As we dive to her nursery school it begins to rain. Rain means the stylish Hannah Anderson clad perfect children will be dressed in their matching rain ensembles. They will be wearing their cute little raincoats with matching boots and umbrellas, over their always perfect little dresses, matching tights, and hair bows. These little girls dress as if they have personal stylists and have never ever spilled chocolate milk on themselves.

I park at the school and see that the parade of perfect children are walking the cat walk up to the school. Their perfect mothers wearing full make-up and stylish clothing accompanying them. I get out of the car and realize that in all the commotion I have not brushed my teeth nor hair this morning. I open Alice's door and hand her a black umbrella and her Dora backpack. We walk up to the school, then I remember that I might have a coat for her the back of the Subaru. I rush back grab the coat and notice Alice strutting up the walkway to the school. Not walking but strutting, carrying her umbrella with one hand swirling it to the side, and giving off a strong air of self confidence.

So here is my lesson if clothes make the man (woman), does this mean that we should all start dressing like crack whores?

Monday, October 27, 2008

Sicko!

Please call the police! I am trapped in my house. I have been trapped in here for 10 days. We are surviving on chicken nuggets, hot dogs, and boxed mac & cheese! We already ran out of Goldfish, cheese sticks, and granola bars! My captor is getting more unpleasant each day! I hear him calling for me from the play room.
"MOMMY!" I wait...Hoping the sound was just a large bird from outside.
"MOMMY! MOMMY!" I walk into the play room to find him sprawled on the couch with Bobby his stuffed bunny watching what is most likely his 5th house of cartoons on the TV.
"Yes, dear" I ask sweetly as not to arouse suspicion that I am a hair away from locking him in the basement and making my escape.
"I can't reach my juice!"
"Your juice? The juice right next to you on the couch?" I ask seeing a sippy cup of juice next to his little thigh.
"Yes. I can't reach it.

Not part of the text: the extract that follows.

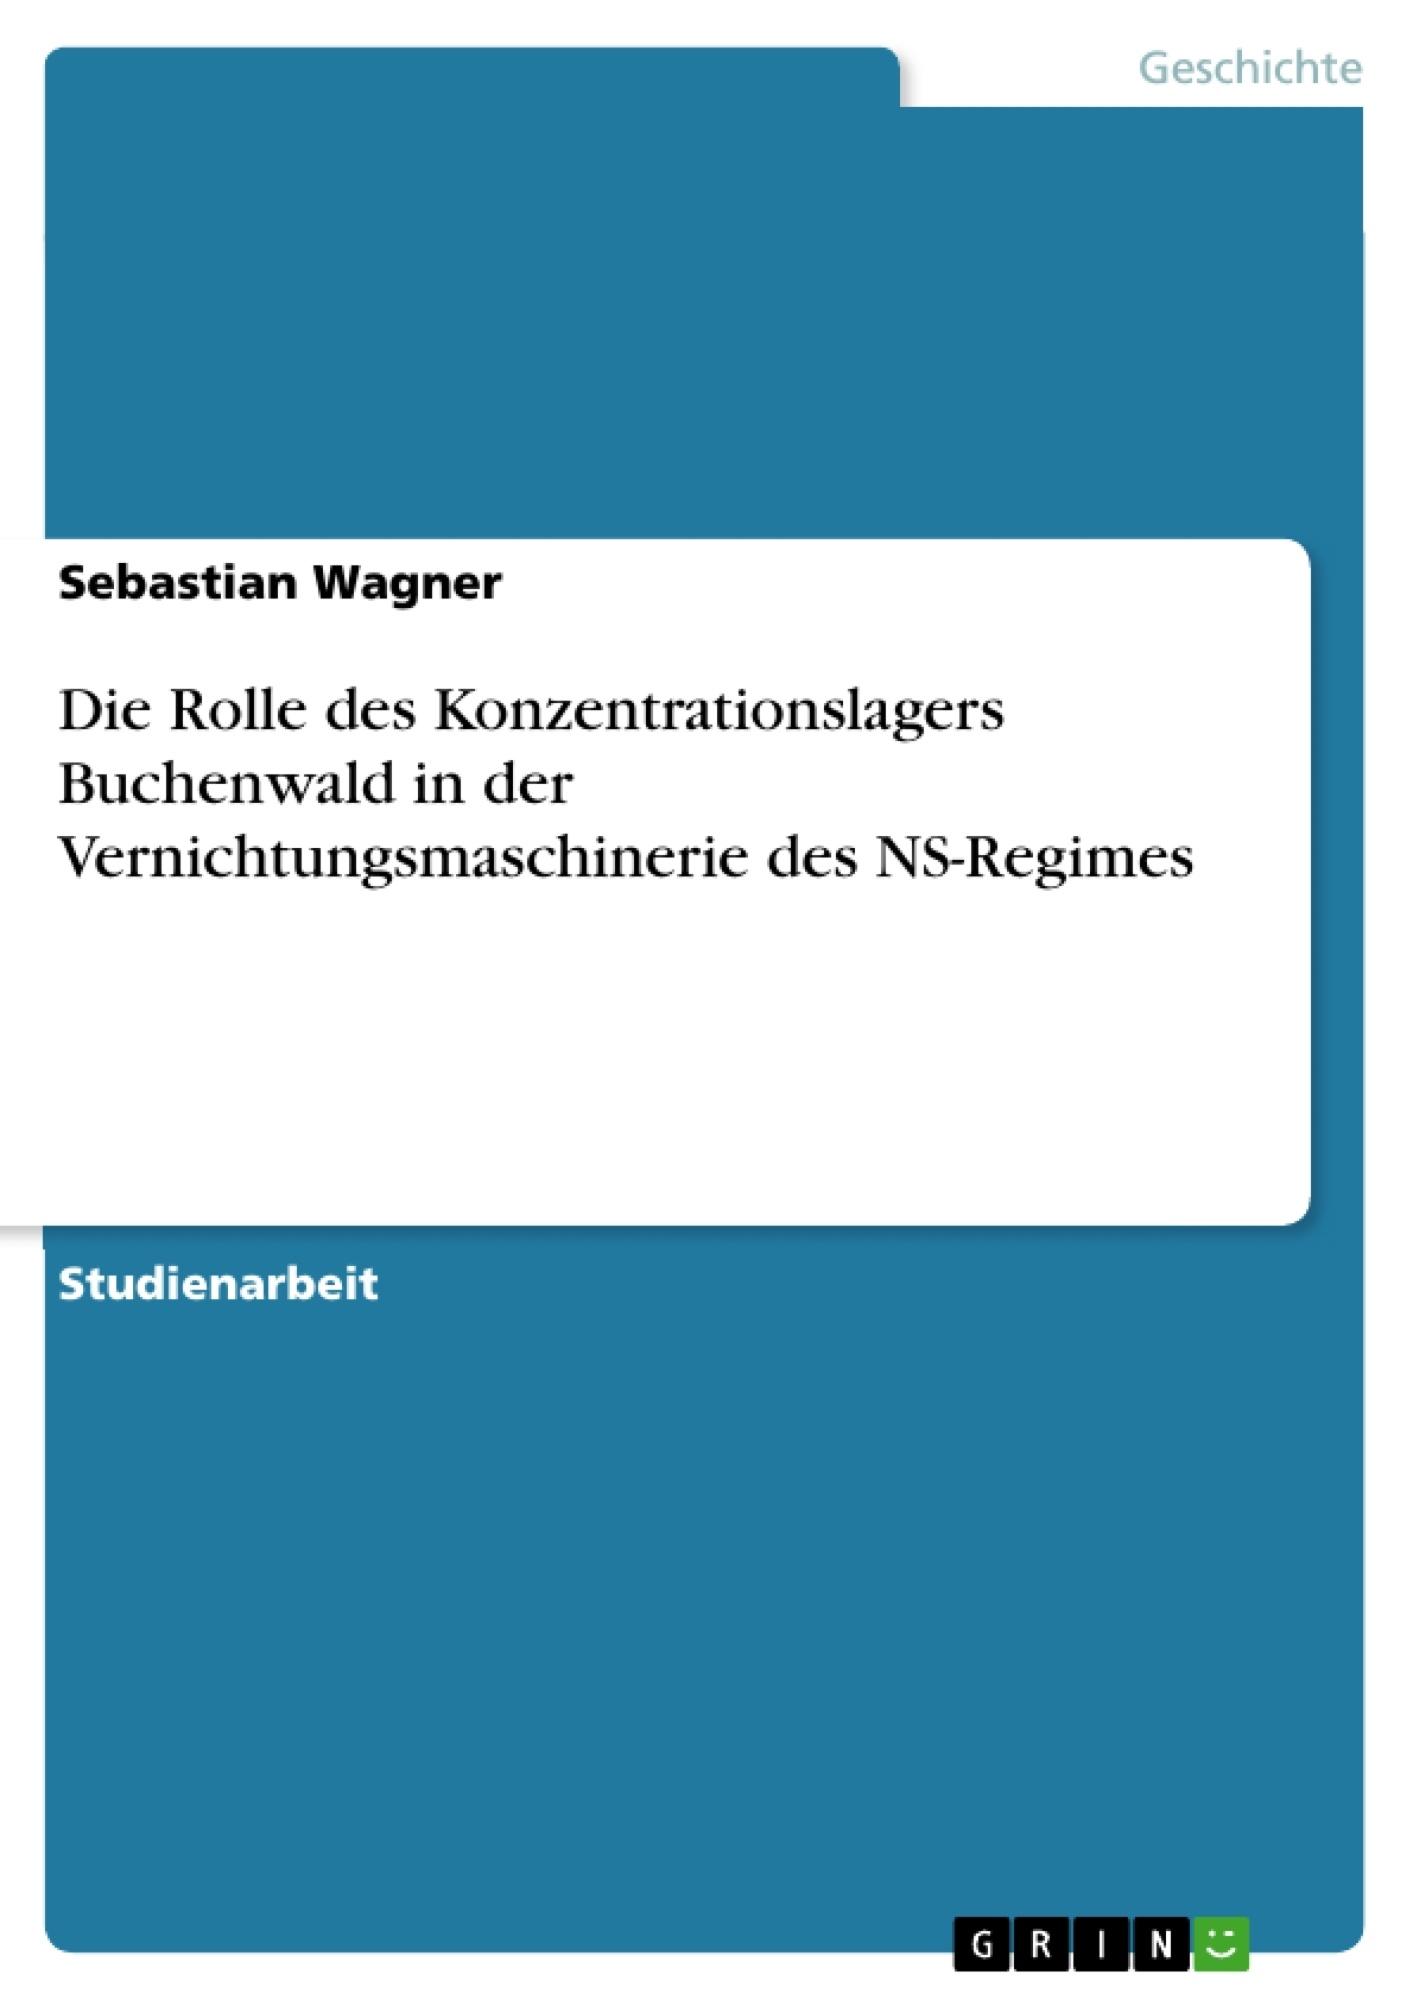 Titel: Die Rolle des Konzentrationslagers Buchenwald in der Vernichtungsmaschinerie des NS-Regimes
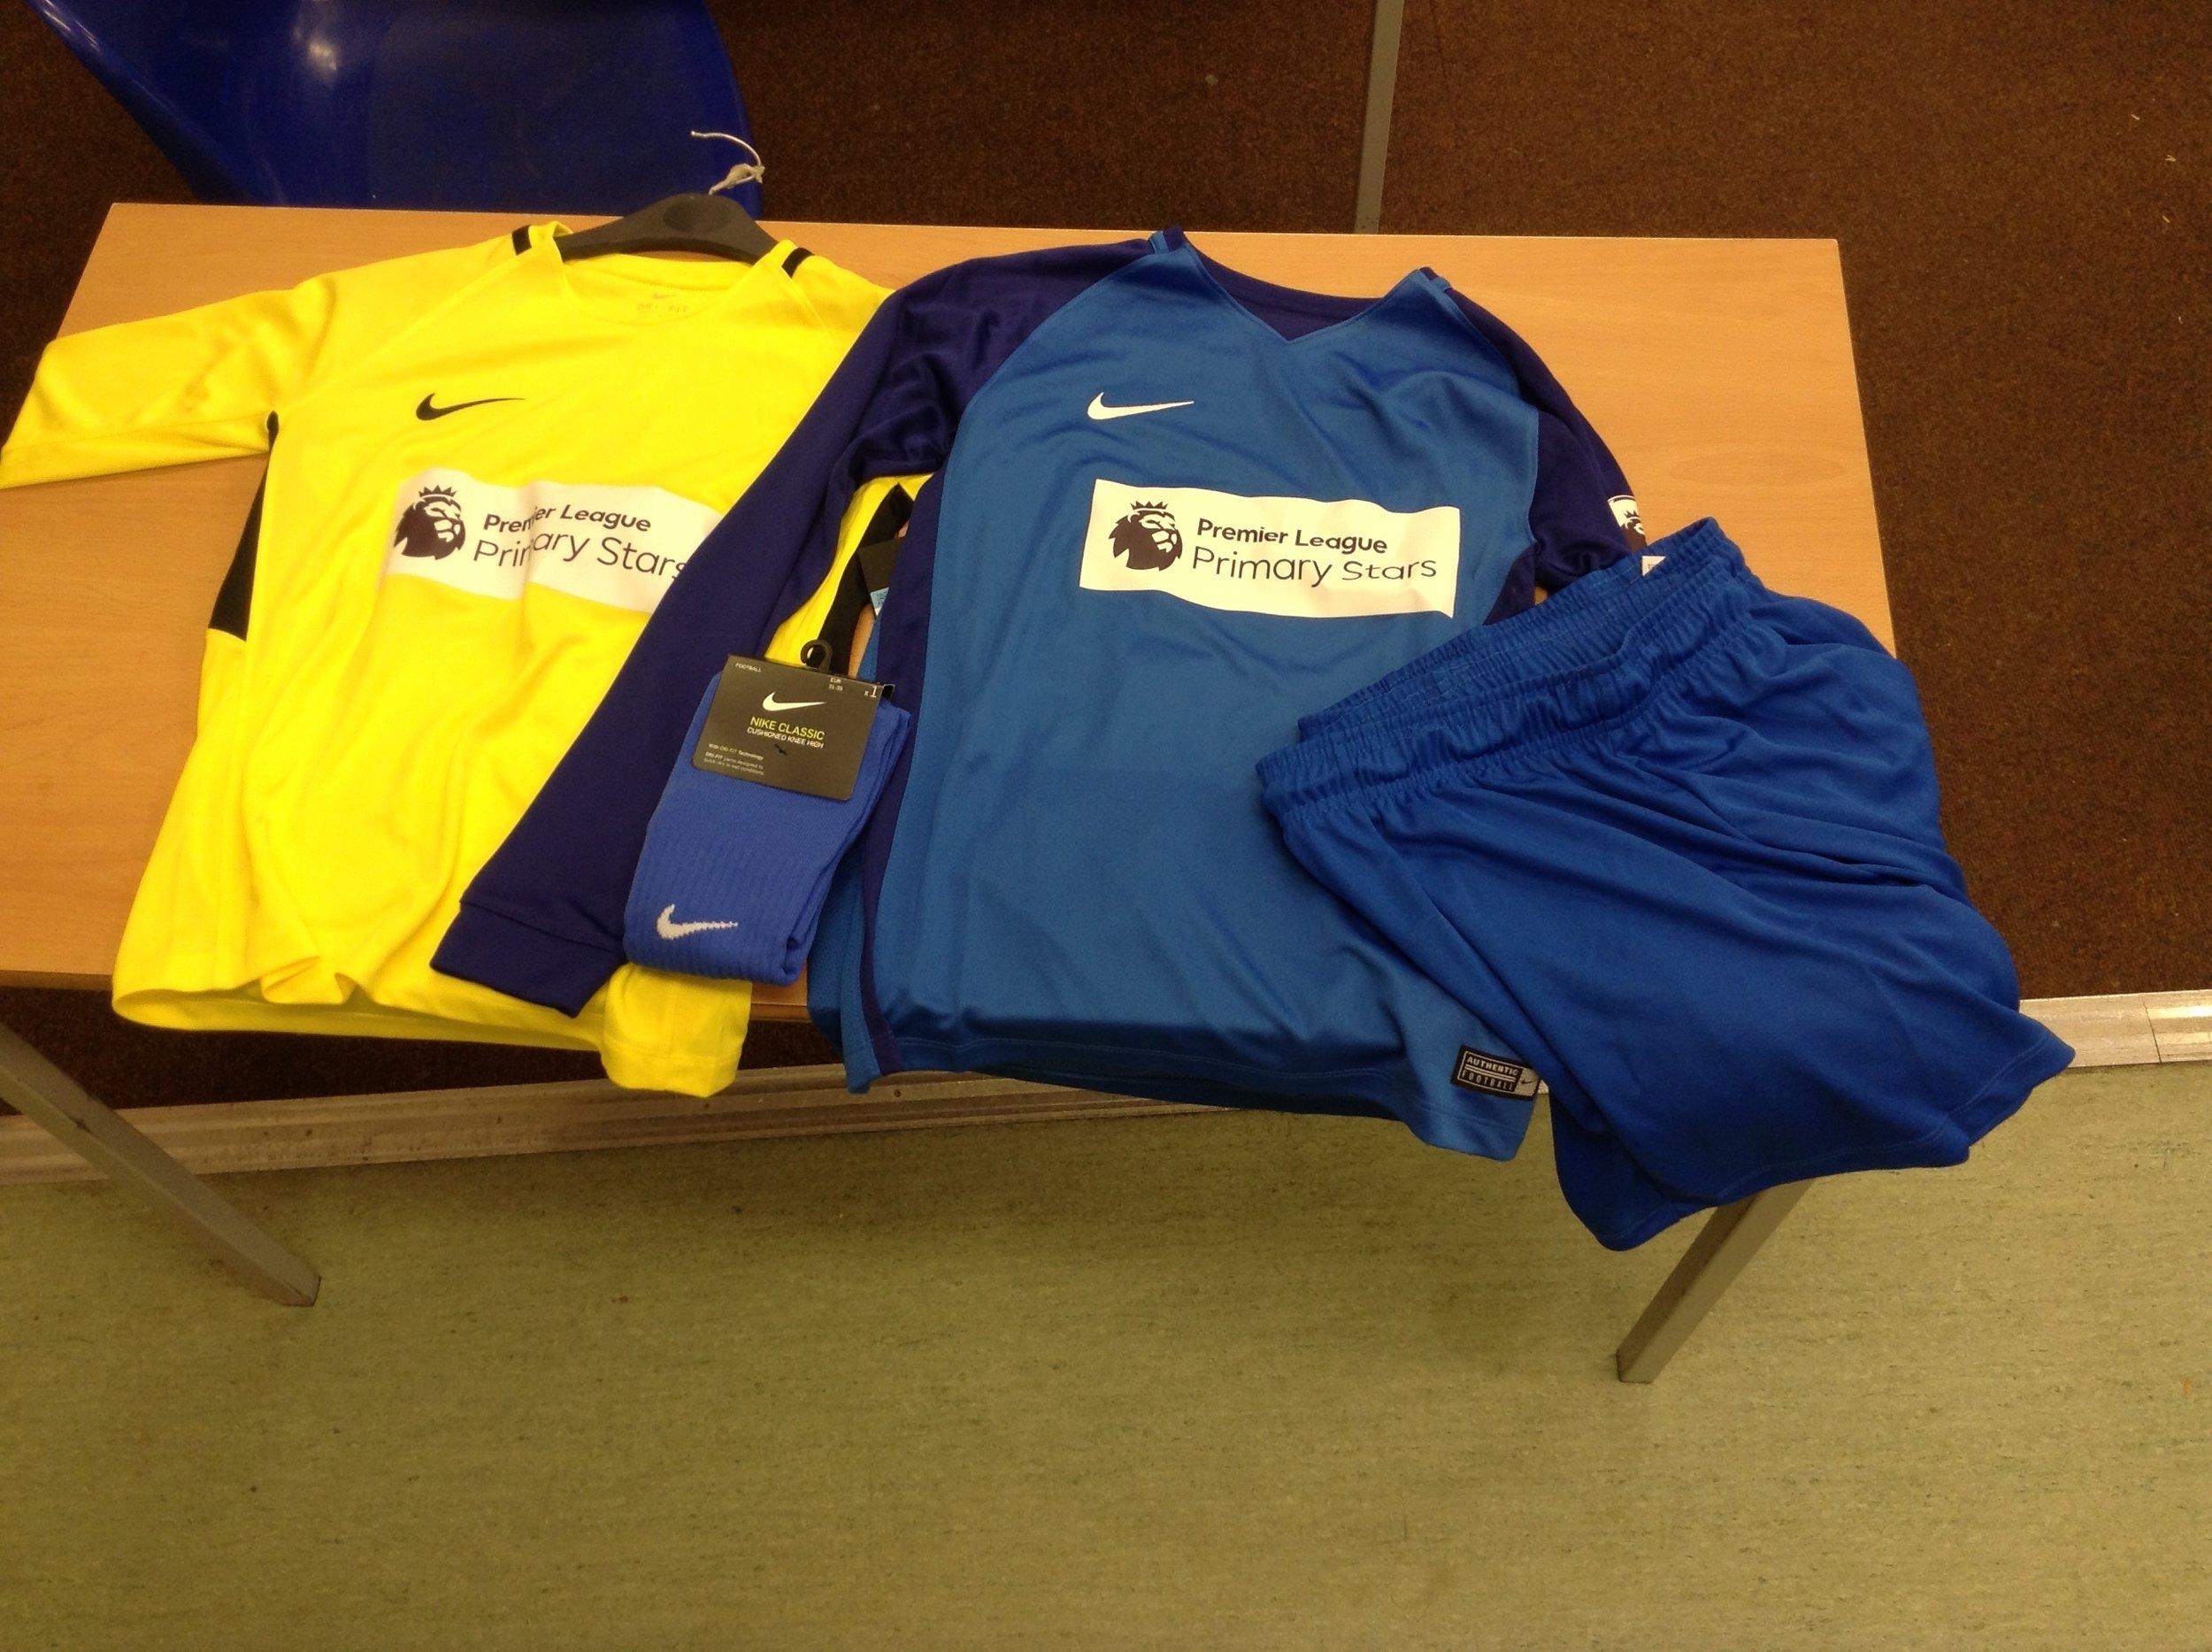 - New Sports Kit!

I'm to sick to bend." He looks over at me with his sad hazel eyes and rosy red cheeks. This blond angelic little face belongs to a sick 5 year old boy. A very sick, grumpy, miserable little boy who counting today has missed 6 days of school and kept me and his sister trapped in this house for 10 days.

I hold his juice up to his lips. He takes a short sip.
"Done!" He yells. I drop the sippy cup back onto the couch kiss his hread and leave the room. Back at the computer I try really hard not to think of the things that I am supposed to be doing.

I am supposed to be running around my girls. I am in withdrawal for all of my friends. Even the friends I spend time with that I don't really like. I miss them all! What about my gossip? I don't know anything about anyone anymore!

I am missing the Bellingham library Ding-a-linga-sing-thing. The park! I even miss the rude librarian at the Franklin branch who always makes me feel like a bad mother! I haven't been to Saver's thrift store, or Saint Vincent DePaul for 10 days! Do you know how many bargains I've missed! I have had no time to stalk the Patrioyt players who live in the area. I even missed the sure thing sighting at church! I've missed two Sundays in a row! Just when I was planning to bump into him and introduce myself...and horrify my husband.

No Hanging out at on Wenesday at Target trying to catch a look at Tedy Brusci. I heard that Randy Moss just moved to Lincoln RI, but I am sruck here so what's the differnce?

I am a good mom. I was Mary Poppins for the first 3 days. Then I was Mrs. Doubtfire for days 4-7. Then by day 8 I turned into Rosanne, Now that it's day 10 I am Cruella De'ville! If only on the inside, but I am so out of TLC! I have also gained 5 pounds and lost about 48 combined hours of sleep.

I am done, I planning my escape! If they put out an alert, please foget you read this!